The Truth Of Love

The Truth Of Love

Bab 1 : KEPUTUSAN YANG SALAH

Aku pernah berpikir bahwa aku adalah orang yang paling menderita di dunia ini. Tidak dapat dikatakan menderita juga, karena aku masih memiliki semuanya. Mungkin aku hanya kurang beruntung dalam suatu hal.

Keputusanku untuk pindah ke kota menurut saran ibu ternyata adalah pilihan yang salah. Yang awalnya ingin hati ini merasakan kasih sayang seorang ayah yang sudah lama tak kurasakan saat di kampung, malah berubah menjadi penderitaan batin saat mengetahui bahwa ayah sudah memiliki keluarga baru dan hidup lebih bahagia di kota.

Ibu tidak pernah bilang padaku mengenai mereka yang ternyata sudah berpisah selama 5 tahun belakangan ini. Ibu hanya memberi tahu padaku jika ayah sedang bekerja di kota dan akan kembali pulang saat pekerjaan telah tuntas. Tapi, rasa rindu yang terlalu besar membuatku ingin cepat bertemu ayah dan membuat ibu pun tidak berdaya melarangku.

••••

"Jennaaaaa!! Banguun, sudah siang!" teriak Tika, ibu tiri Jenna.

Jenna yang masih menguap melirik ke arah pintu yang digedor cukup keras.

"Sebentar, Ma! Jenna mandi dulu."

Tidak butuh waktu lama bagi Jenna untuk membersihkan seluruh tubuhnya. Setelah itu dia bersiap untuk pergi ke sekolah dan segera turun untuk berkumpul di meja makan keluarga "ayahnya" yang baru. Selama disini tidak pernah Jenna merasa yang namanya sebuah keluarga bagi dirinya.

"Kamu tuh perawan tapi kebo banget sih!" omel Tika. Matanya dengan sinis melirik Jenna yang sedang sibuk turun tangga sambil merapikan seragam.

"Maaf Ma. Jenna kesiangan."

"Hari ini kamu gak dapet sarapan, karena gak masak. Sana pergi sekolah." Dengan entengnya, ibu tirinya itu mengusir dan melarang Jenna untuk sarapan pagi. Padahal, cacing dalam perut Jenna sudah berbunyi saat melihat menu sarapan hari ini. Tapi, apalah daya, dia hanya bisa menurut saja.
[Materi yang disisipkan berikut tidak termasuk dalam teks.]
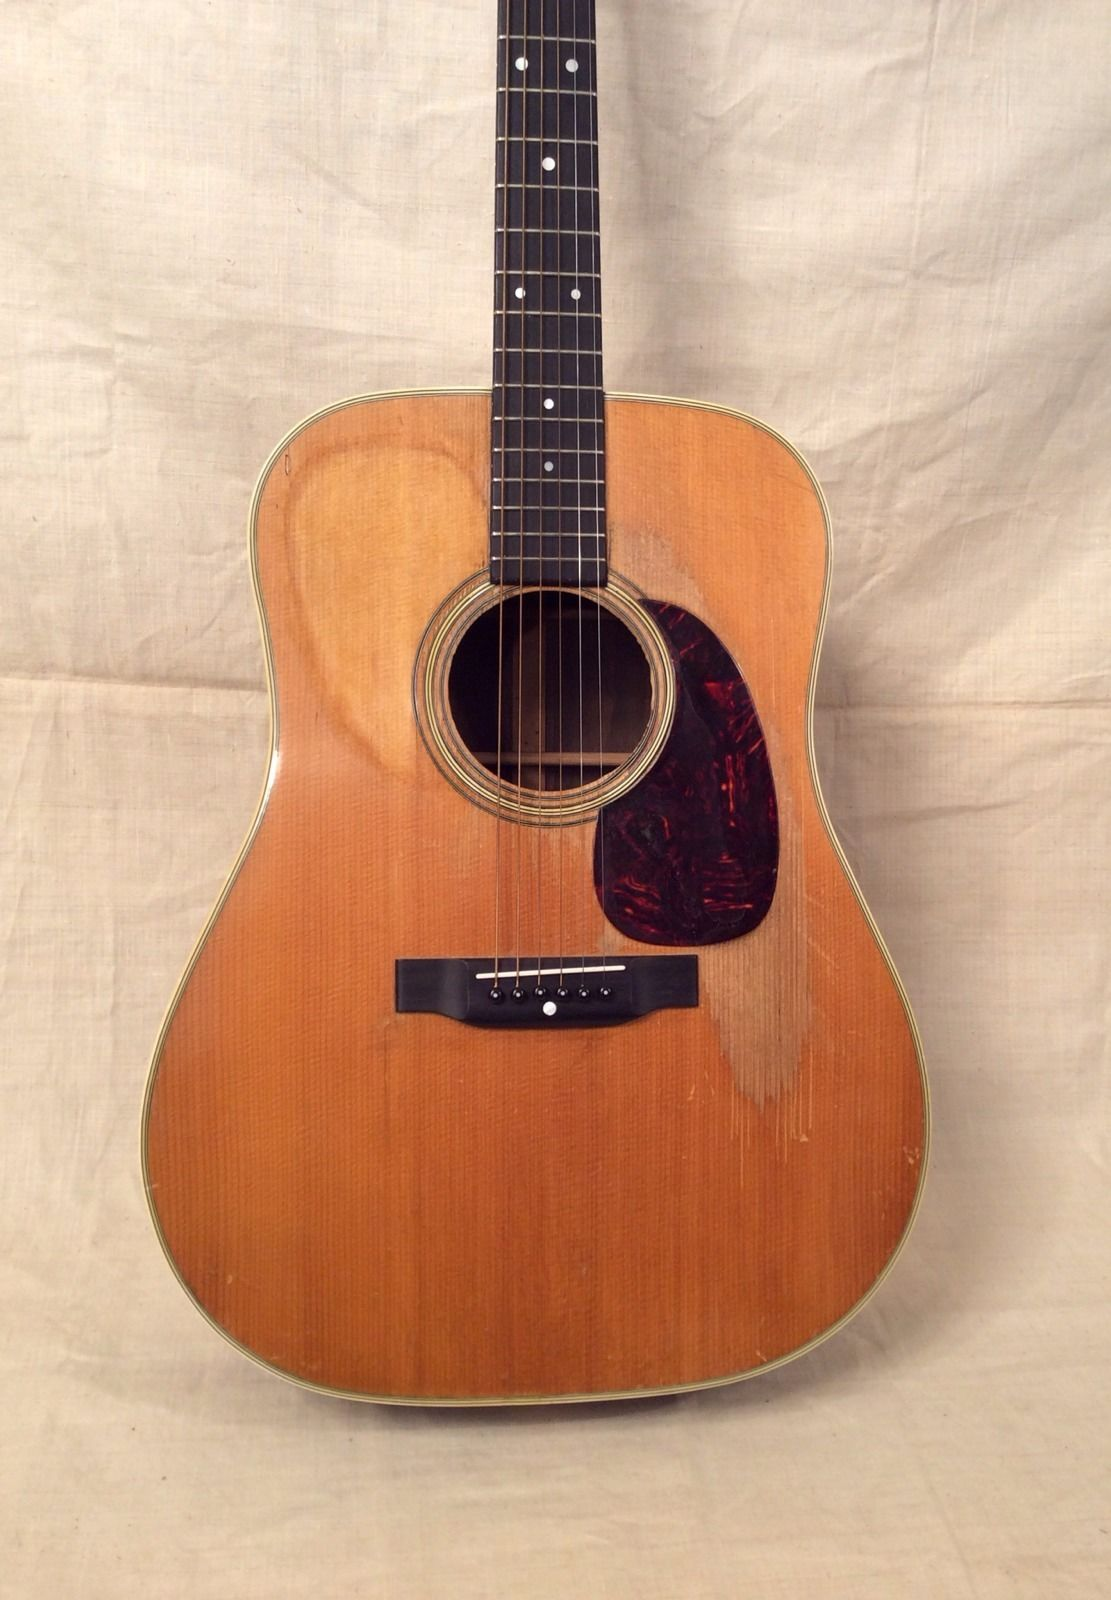 Vintage 1961 Martin D 28 Acoustic Guitar 1960 S C F Martin Co Martin Acoustic Guitar Vintage Music Guitar

"Baik, Ma." Jenna berkata dengan lirih sembari melirik Ayahnya yang sedang membaca berita di iPad. Ayahnya hanya duduk dengan tenang, tampak tidak terganggu dengan percakapan yang terjadi diantara dirinya dan ibu tirinya itu. Memang tidak menghakimi tapi tidak juga membela, itu membuat dirinya sedih.

Ayah sudah berubah. Batin Jenna.

Jenna menghela napas pelan, "Aku berangkat ya, Ma, Yah."
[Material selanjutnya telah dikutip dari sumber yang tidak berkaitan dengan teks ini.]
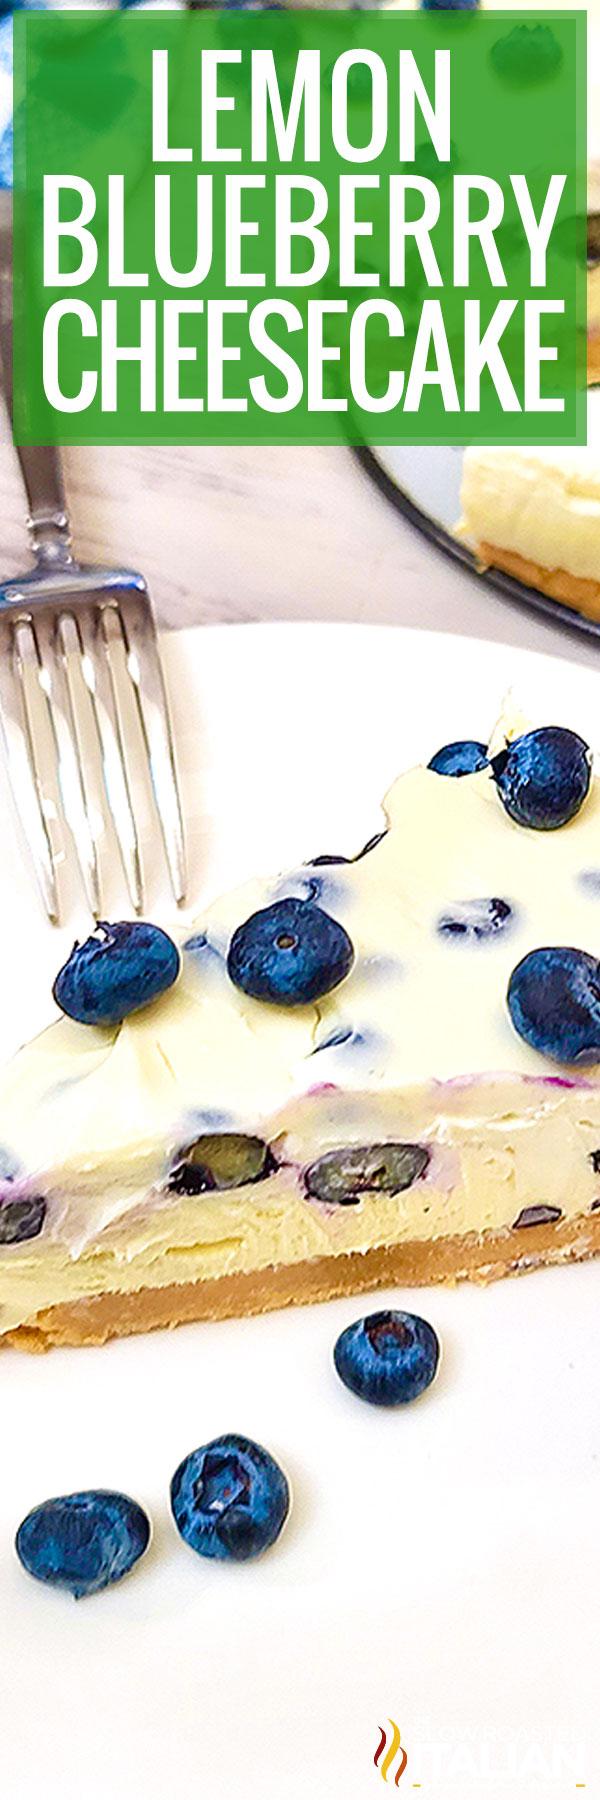 Lemon Blueberry Cheesecake (No Bake)

Saat Jenna ingin pergi menuju keluar setelah bersalaman, suara Tika kembali menggema.

"Tunggu dulu!"

"Ada apa, Ma?" Tanya Jenna bingung. Rasanya dia tidak membuat kesalahan. Kesalahannya hanya satu pagi ini yaitu tidak memasak sarapan, walau ada ART dan dia sudah mendapat hukumannya.
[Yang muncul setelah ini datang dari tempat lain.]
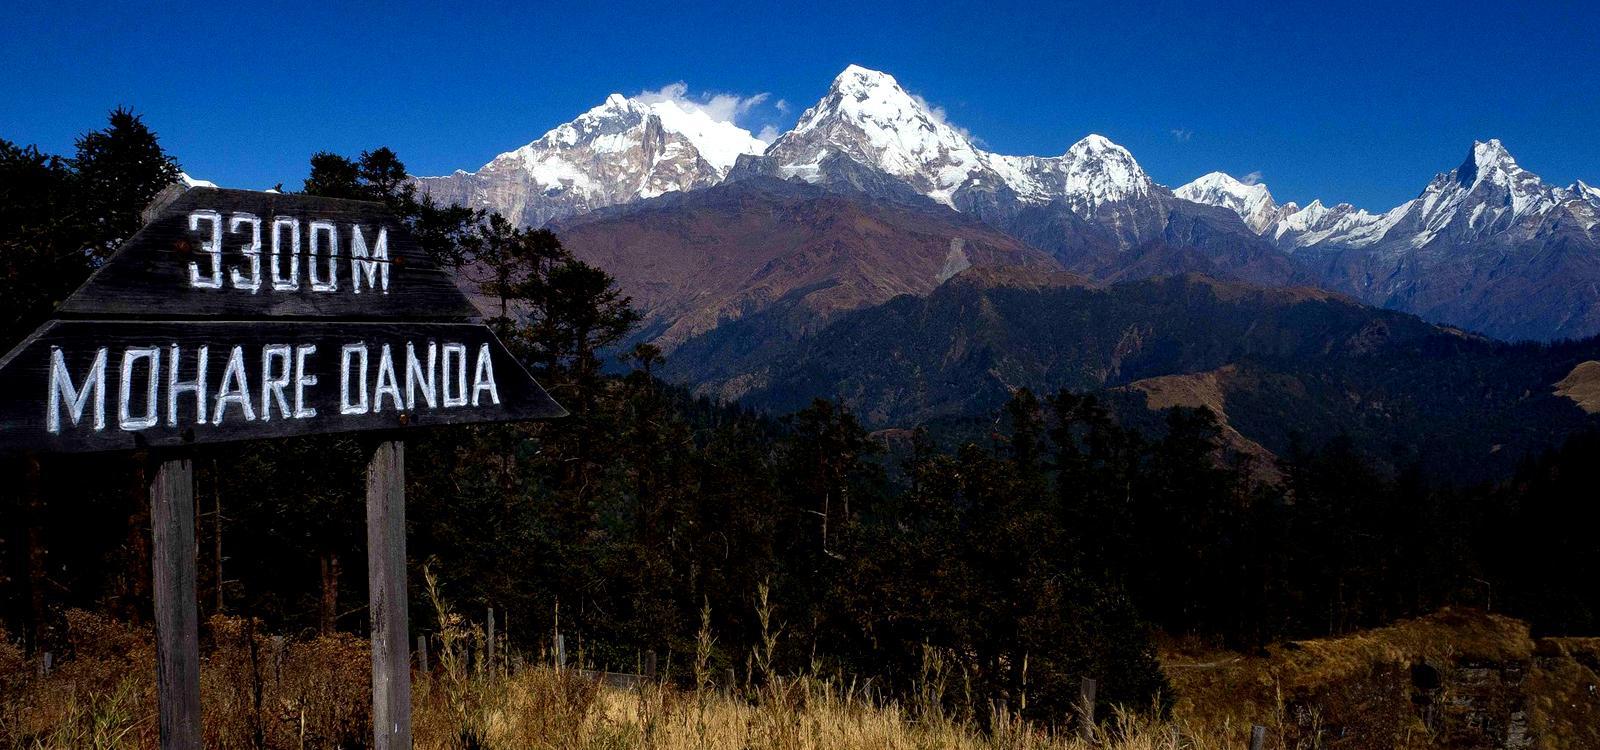 Mohare Danda Trek in the Annapurna Region

"Tunggu Mila sarapan disana. Kamu antar dia ke sekolah. Kemarin, Mila jatuh dari motor. Mama tidak mau terjadi hal seperti itu lagi." Kata Tika yang begitu mengandung perhatian.

Jenna yang mendengar itu menjadi tambah bersedih. Dia benar-benar menyesali keputusannya untuk pergi ke kota. Jikalau dia di kampung, dia pasti akan mendapatkan perhatian yang luar biasa dari sang ibu. Tapi, disini dia tidak mendapat perhatian ibu juga ayah sekaligus.

"Ma, Mila gak mau ah! Mila mau naik motor sendiri, gak mau dibonceng Kak Jen!" Rengek Mila penuh kemanjaan.

Kamila Rosela, adik tiri Jenna. Sebenarnya mereka berdua beda bapak dan beda ibu. Ayah Jenna yang duda bertemu dengan Tika yang janda dengan satu anak yang kini sudah berusia 16 tahun.

"Mama gak mau kamu kecelakaan kayak kemarin!" Tegas Tika bercampur khawatir.

"Gak akan Ma, kemarin lagian cuma jatuh biasa kok, aku pun gak luka parah, kan? Mila malu kalau harus datang bersamaan dengan Kak Jen."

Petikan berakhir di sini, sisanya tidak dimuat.